We then drove further up the coast. This is the narrow, coastalstrip of land which sitsbetween the ocean and Lake McLeod – a very large salt lake. We went there in the past but now it is impossible to go there. The salt is mined by Rio Tinto. (Last time, we were told the water in the lake is supersaturated by pumping sea water through underground salt and then leaving it to evaporate.) As we drove up a corrugated dirt road with limestone ridges evry so often, we came across the mine roads, complete with stop signs and stop lights, smooth and flat. We stopped; just as well as a B-double came whistling through without pausing, transporting salt to Cape Culver where there is an export facility. Not that we could get anywhere near it. However, just up the roadis an access road to where a ship, The Korean Star, floundered some time ago. No sign of it now as the sea has done an excellent job of removing its litter. But, we could see the port facility very clearly. Salt has been piled up on the edge of the cliff and, where as, in the past, it was pushed over onto the boat 100 metres below, now there is a cconveyor belt which travels on a rather filmsy looking jetty to a ship anchored with multiple ropes. The sea bed shelves very deeply and very suddenly here. Three small tugs lurk about. The site is a little protected by the cape but it is still a very precarious existence! Yet despite this and despite signs warning of killer king waves, two fishermen hadsomehow climbed down the near vertical 100 metre cliff to a ledge just above the crashing waves! Madness!


We continued along the deteriorating road to Red Bluff. Now, that was an isolated spot! Actually a sheep property in a remote position, there are facilities for camping,created by the owners as an alternative income source. Small alcoves around the few trees with basic bush toilets. The six or so safari tents that were occupied, a shop that sells simple ice-blocks and limited fast food and a few rough shacks. Bring your own water and provisions. And the reason? A legendry surf beach, my book tells me. (The beach was protected by the huge bluff on the southern side when we visited. No left-hand break!) However, the reef is in close and there is plenty of fishing and spear fishing when the surf is not up. There were about a dozen or so camps huddled around any available tree as, without the wind, it was hot and dry. But a lovely spot to hide from the world!


We left and sped over corrugations homeward. A stop at a HMAS Sydney II memorial and a couple of detours off the road to look at the sea again enlivened the trip back. The swell was rolling in all down the coast, smashing against the cliffs and is a magnificent, although destructive force. 

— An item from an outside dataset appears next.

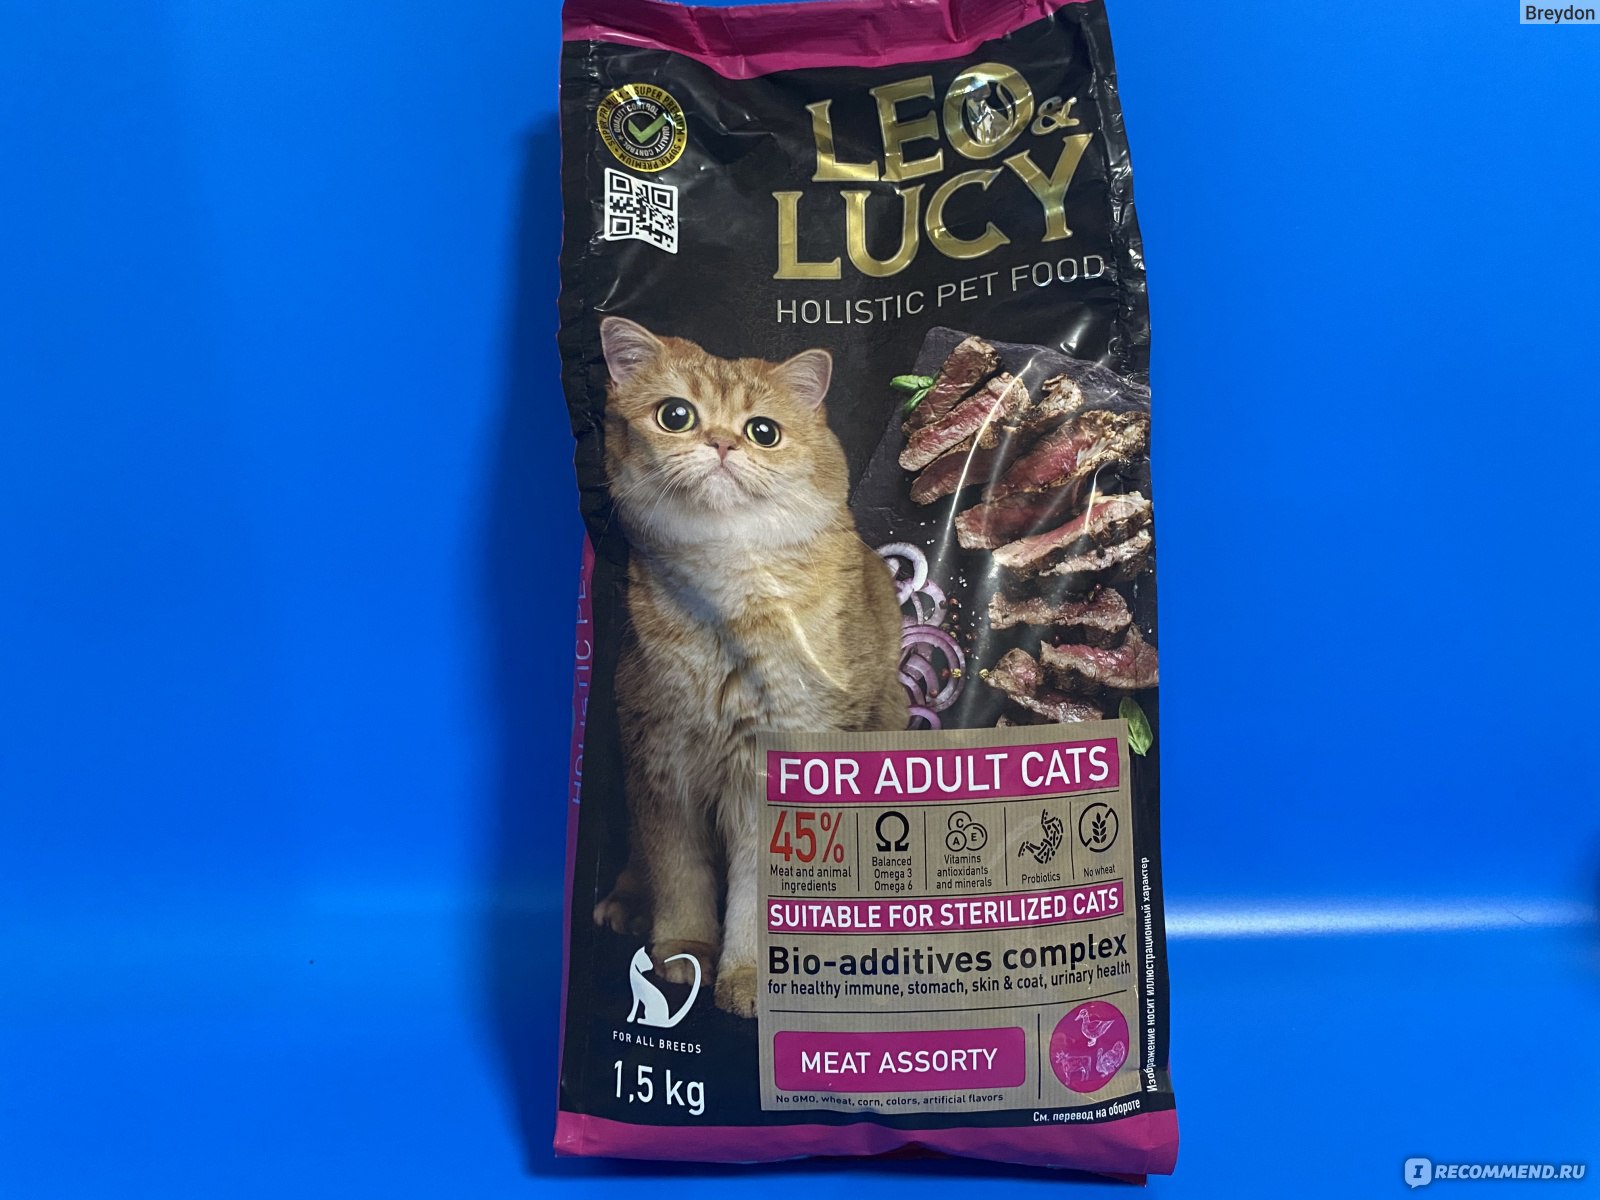 Холистик корма для кастрированных кошек. Leo Lucy корм. Корм для кошек. Холистик корм для кошек. Сухие корма для кошек.

There were some seriously rocky access roads and one that went up and over a sand dune. I remarked to Glen that he would have to come back up it and my fears proved to be correct. It took us three goes to conquer it, backing down each time to the edge of the cliff. Some shrieks as we finally rather inelegantly churned abruptly over the top!!

It was nice to be on a sealed road again. A car wash is in order!